Peut-on reprendre une distinction attribuée par le passé ? La question se pose au Myanmar, anciennement connu sous le nom de Birmanie, où Aung San Suu Kyi, 72 ans, actuelle dirigeante du gouvernement civil et Prix Nobel de la paix en 1991, s’est vu retirer son prix attribué pour son combat contre la dictature et en faveur des libertés par le Musée de l’Holocauste de Washington à cause de son inaction dans la crise des Rohingyas, qualifiée par l’ONU d’« épuration ethnique ».

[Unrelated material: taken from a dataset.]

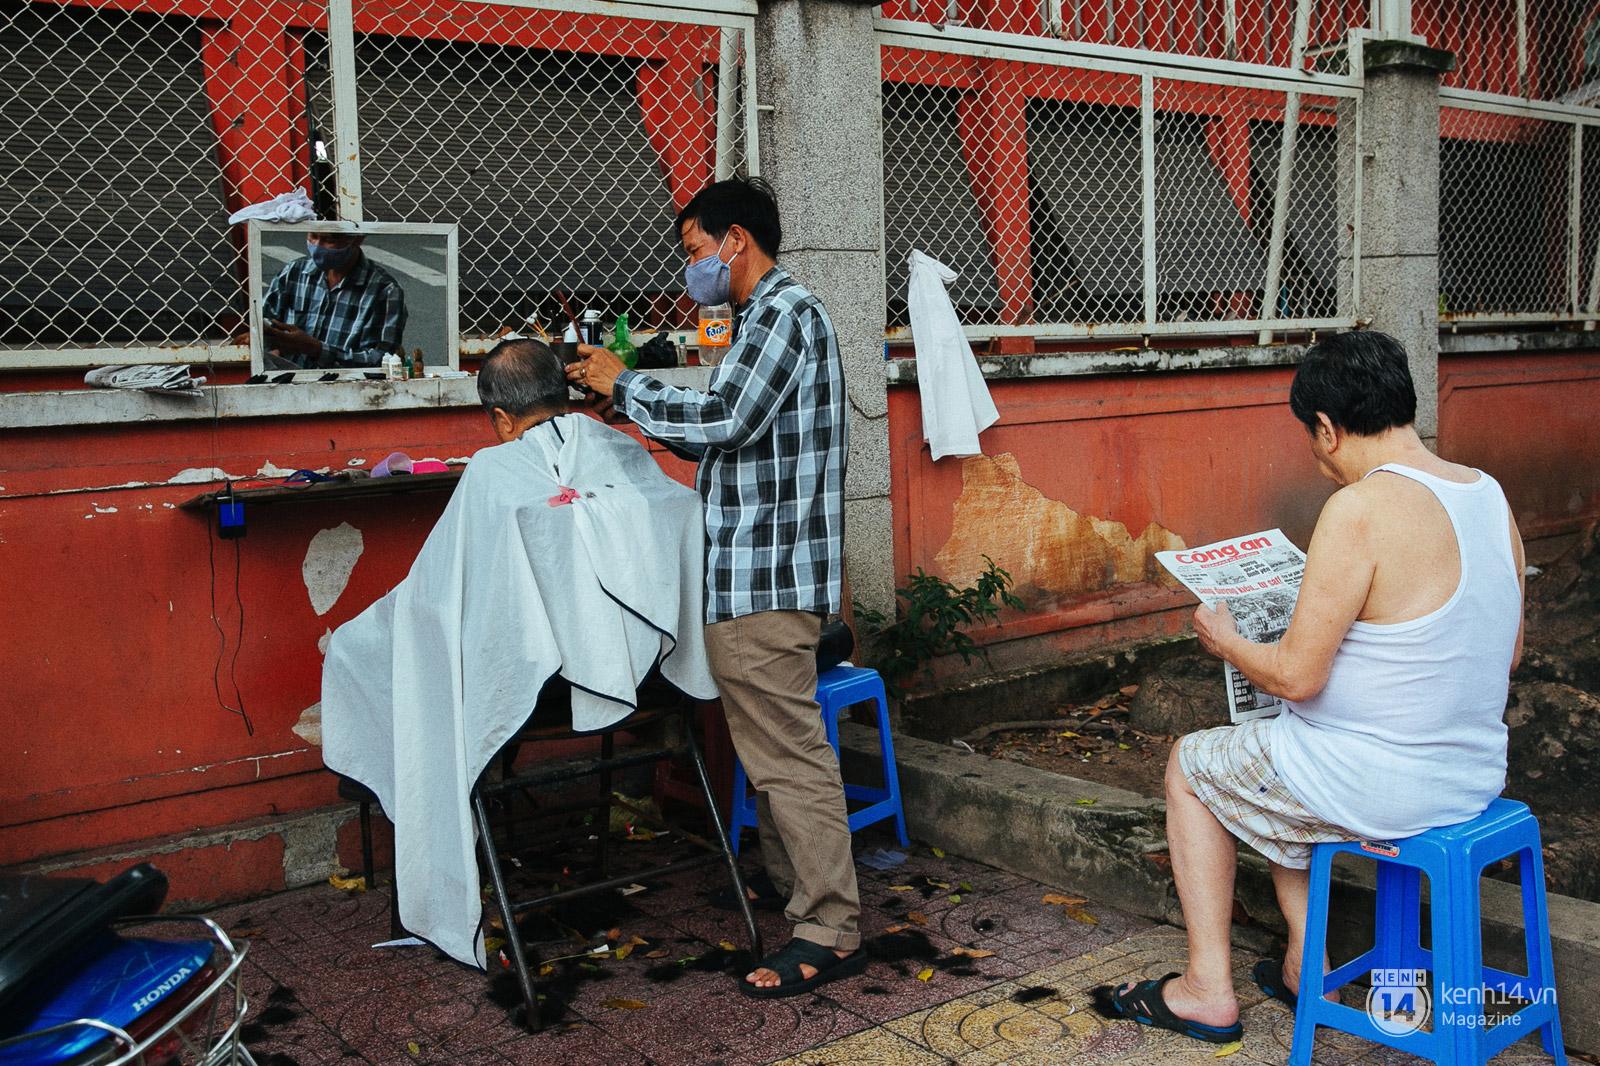 """Ai chê người Sài Gòn """"quê mùa"""" chứ Sài Gòn chẳng bao giờ chê ai là người nhà quê! - Ảnh 6."""

Aung San Suu Kyi à Prague, le 17 septembre 2013. Crédit photo : Nadezda Murmakova / Shutterstock
Quelle tombée en disgrâce médiatique que celle que vit actuellement Aung San Suu Kyi. Faite commandeur de l’Ordre de la Légion d’Honneur française en 2012, année où elle a également reçu son Prix Nobel de la paix pourtant décerné en 1991, récompensée de la médaille présidentielle de la Liberté par les États-Unis en 2000 : la liste des distinctions reçues par cette icône de la paix est aussi longue que glorieuse. Figure d’opposition pacifiste à la dictature militaire du Myanmar par excellence, sa réputation est entachée aux yeux du monde depuis deux ans par sa passivité quant au sort des Rohingyas à l’intérieur des frontières birmanes.
On parle en effet de « massacre de masse », d’« épuration ethnique », et pourtant Aung San Suu Kyi reste enfermée dans sa passivité, alors qu'une autre Prix Nobel de la paix, Malala Yousafzai, âgée aujourd'hui de 20 ans, pointe du doigt son inaction. Les Rohingyas constituent un groupe ethnique musulman, apatride depuis 1982, date à laquelle la nationalité birmane leur a été retirée, installé au Myanmar mais qui fuit de plus en plus vers le Bangladesh pour échapper aux violences infligées par l’armée qui prétend ne combattre que des terroristes ou des miliciens armés.
640 000 Rohingyas auraient déjà fui vers le Bangladesh. Le Figaro rapportait en décembre dernier qu’au moins 6700 Rohingyas avaient été tués entre juillet et août 2017, dont un minimum de 730 enfants âgés de moins de cinq ans.
La passivité d’Aung San Suu Kyi, qu’elle tient à justifier par la complexité du Myanmar, peut s’expliquer par sa peur de s’attirer les foudres de la partie bouddhiste du pays, majoritaire, ainsi que de l’armée. Le prix décerné par le Musée de l’Holocauste de Washington n’est pas la première distinction à lui être retirée. Les clés de la ville d’Oxford lui ont déjà été retirées à l’unanimité, le St Hugh’s College d'Oxford où elle a étudié a décroché son portrait, qui trônait sur ses illustres murs depuis longtemps en son honneur, et l’une des chaires de l’Université Catholique de Louvain qui portait auparavant son nom a été rebaptisée.
L’agence Associated Press a contacté le président du Comité Nobel en lui demandant s’il était envisagé de retirer également le Prix Nobel de la paix à Aung San Suu Kyi. Celui-ci a répondu par la négative, en expliquant qu’il était impossible de destituer un lauréat du prix Nobel.
En attendant, le monde continue d’espérer une amélioration de la situation des Rohingyas, victimes de persécutions qui ne semblent pas près de s’arrêter, et contre lesquelles Aung San Suu Kyi n’agit toujours pas, par peur d’une erreur politique irréversible dans un contexte des plus complexes.